MECHINICAL VENTILATION
S. Kache, MD
Spontaneous respiration vs. Mechanical ventilation
Natural spontaneous ventilation occurs when the respiratory muscles, diaphragm
and intercostal muscles pull on the rib cage open, creating a negative inspiratory
pressure. This leads to lung expansion and the pulling of air into the alveoli
allowing gas exchange to occur. Therefore, spontaneous respiration occurs by
negative inspiratory force.
Once a patient is intubated, the endo-tracheal tube (ETT) is connected to the
ventilator. Depending on the type of ventilator, positive pressure ventilation is
provided either by a pneumatic or electric device. The compressed air entering
at the alveolar level allows for gas exchange.
The significant difference between spontaneous respiration and mechanical
ventilation is that during spontaneous respiration, air is pulled into the lungs
where as during mechanical ventilation, air is pushed into the lungs. This
difference impacts cardio-pulmonary dynamics, as well as the integrity of lung
tissue with the potential for long-term injury.

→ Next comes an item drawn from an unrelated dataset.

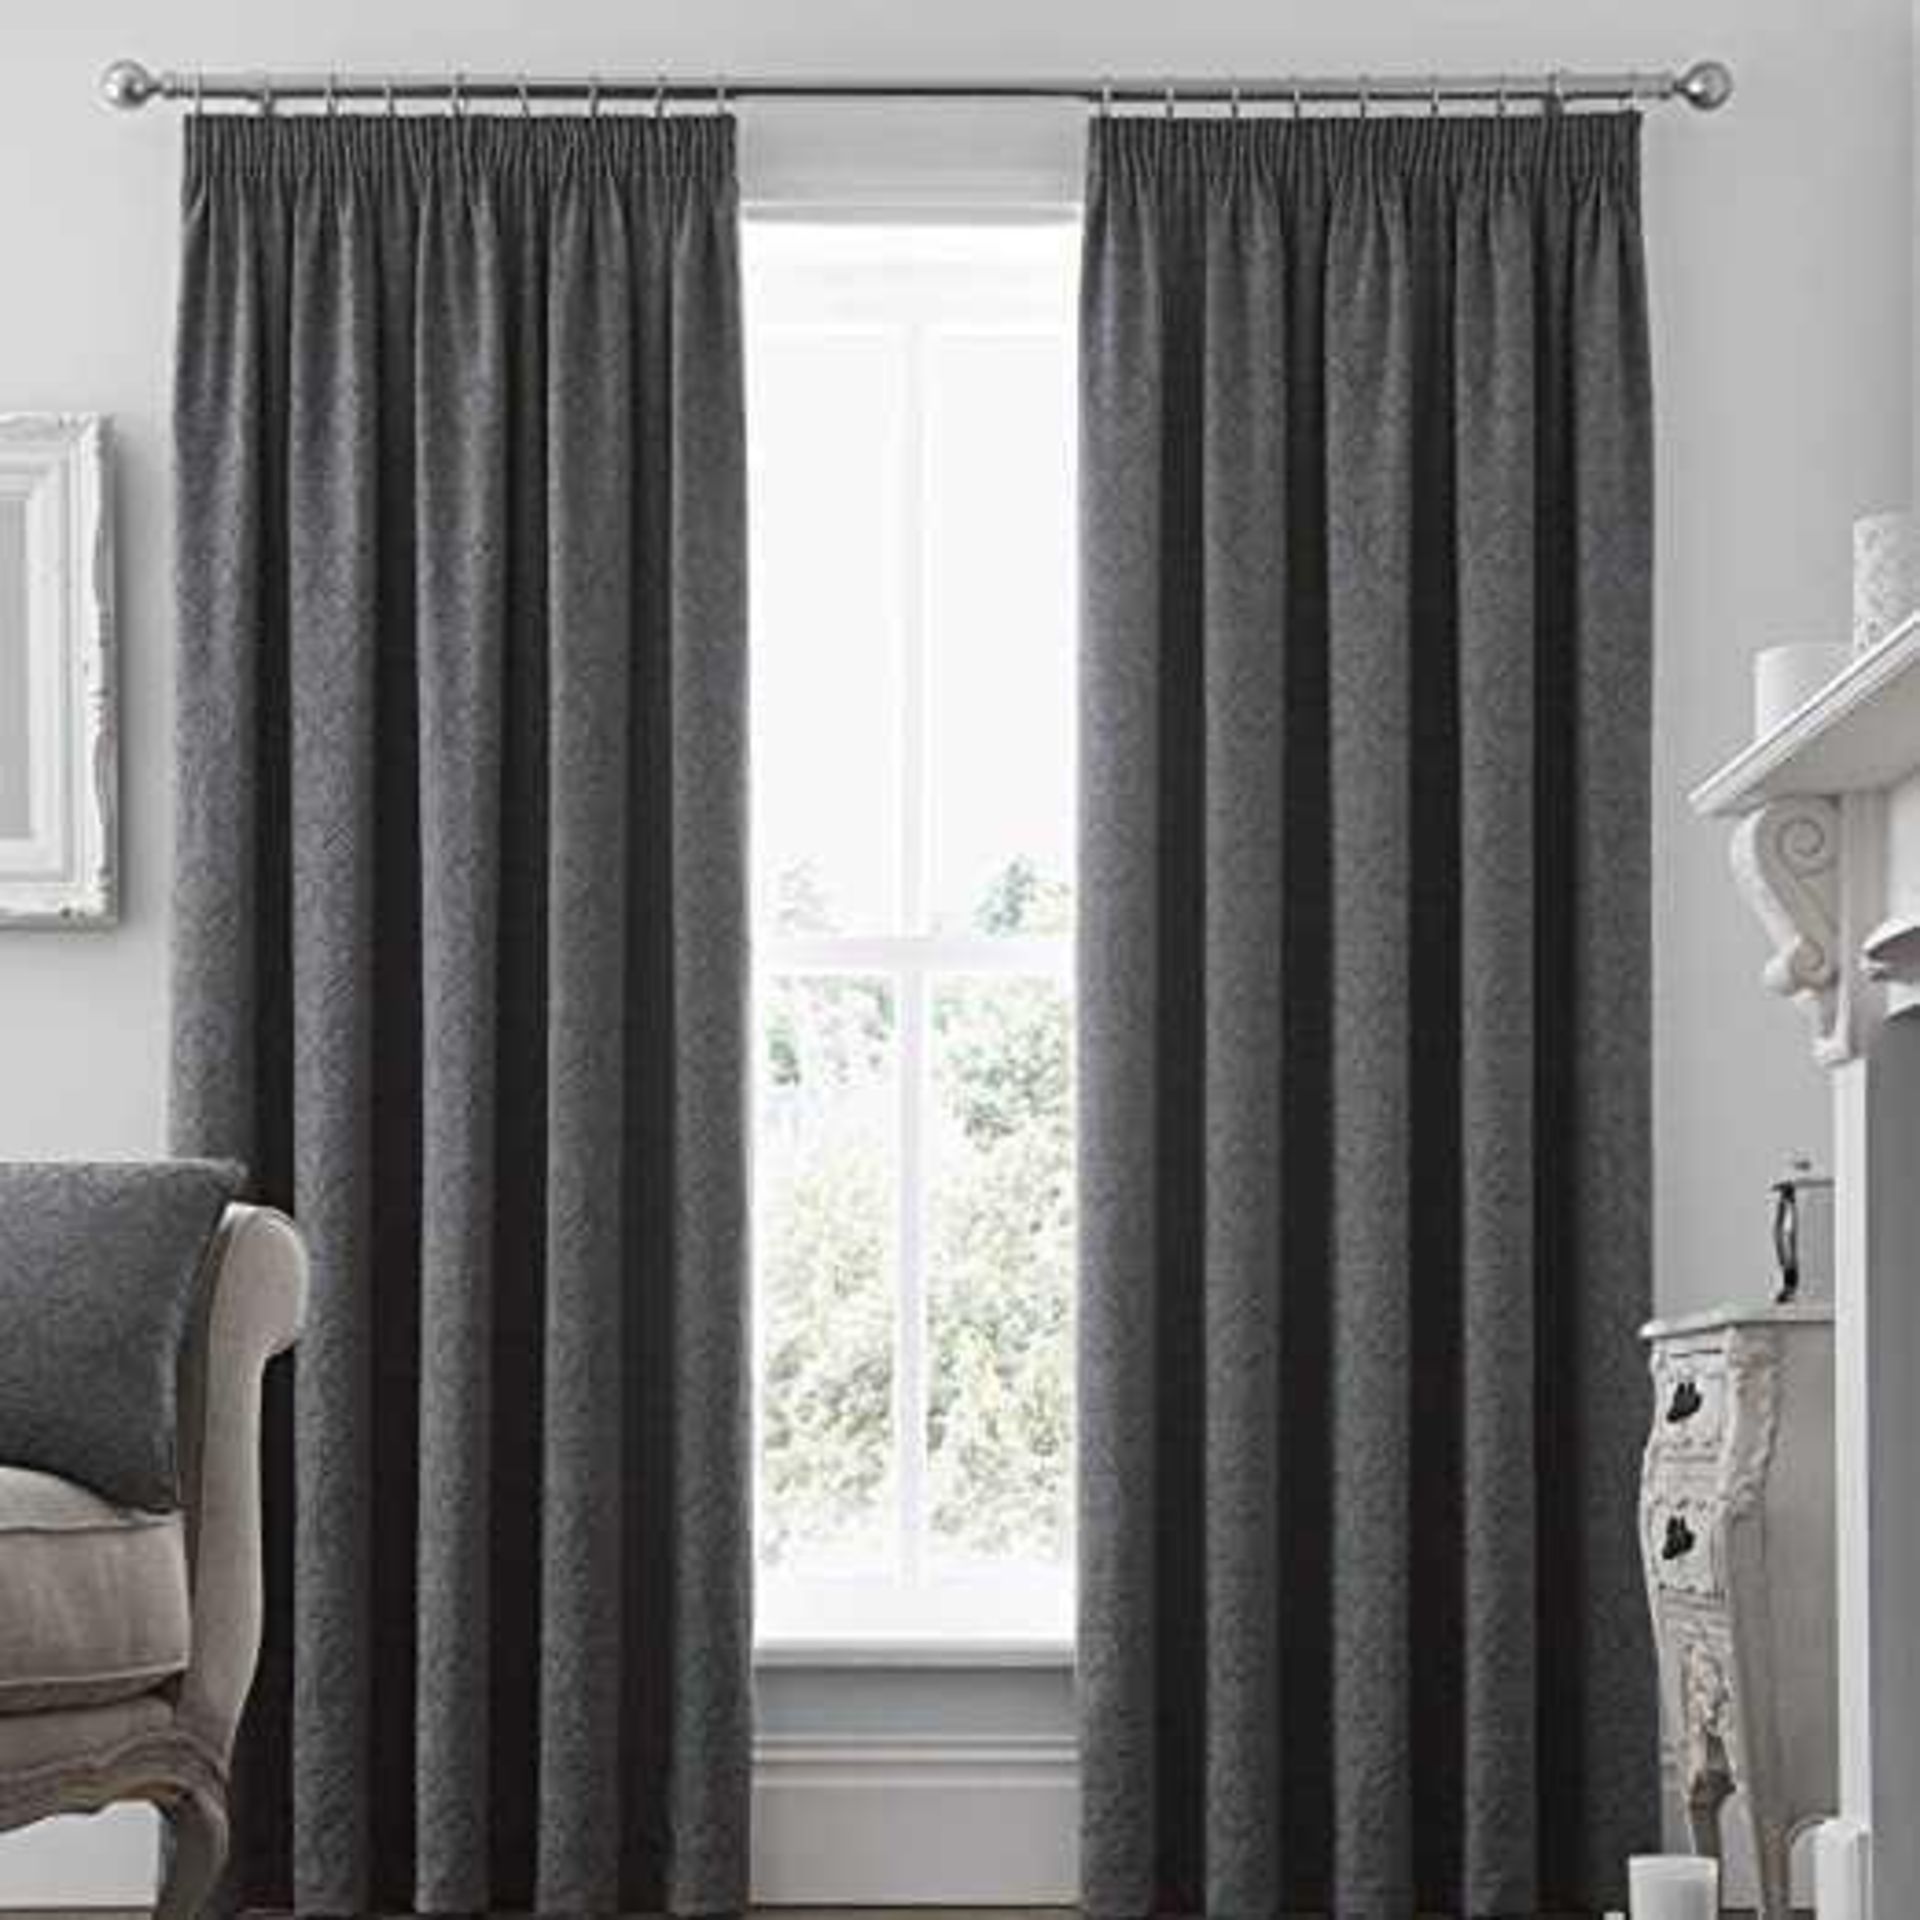 Combined Rrp £175 Lot To Contain 3 Assorted Curtains - Image 6 of 8

Initiating Mechanical Ventilation
(See previous chapter for specifics of intubating a patient.)
There are essentially three reasons patients require endo-tracheal intubation and
initiation of mechanical ventilation
• Hypoxia
• Hypercarbia
• Inability to protect their airway
• (To decrease the demand created by the work of breathing in patients
with poor cardiac output – e.g. cardiomyopathy. Note that this is the only
non-respiratory reason to intubate a patient.)
Pulmonary Compliance
Compliance = Volume
Pressure
This simple formula is worth memorizing since it provides the basis of
understanding pulmonary and ventilator interactions. By tracking some simple
ventilator parameters, this equation allows the physician to monitor patient
progression or recovery from the primary disease process.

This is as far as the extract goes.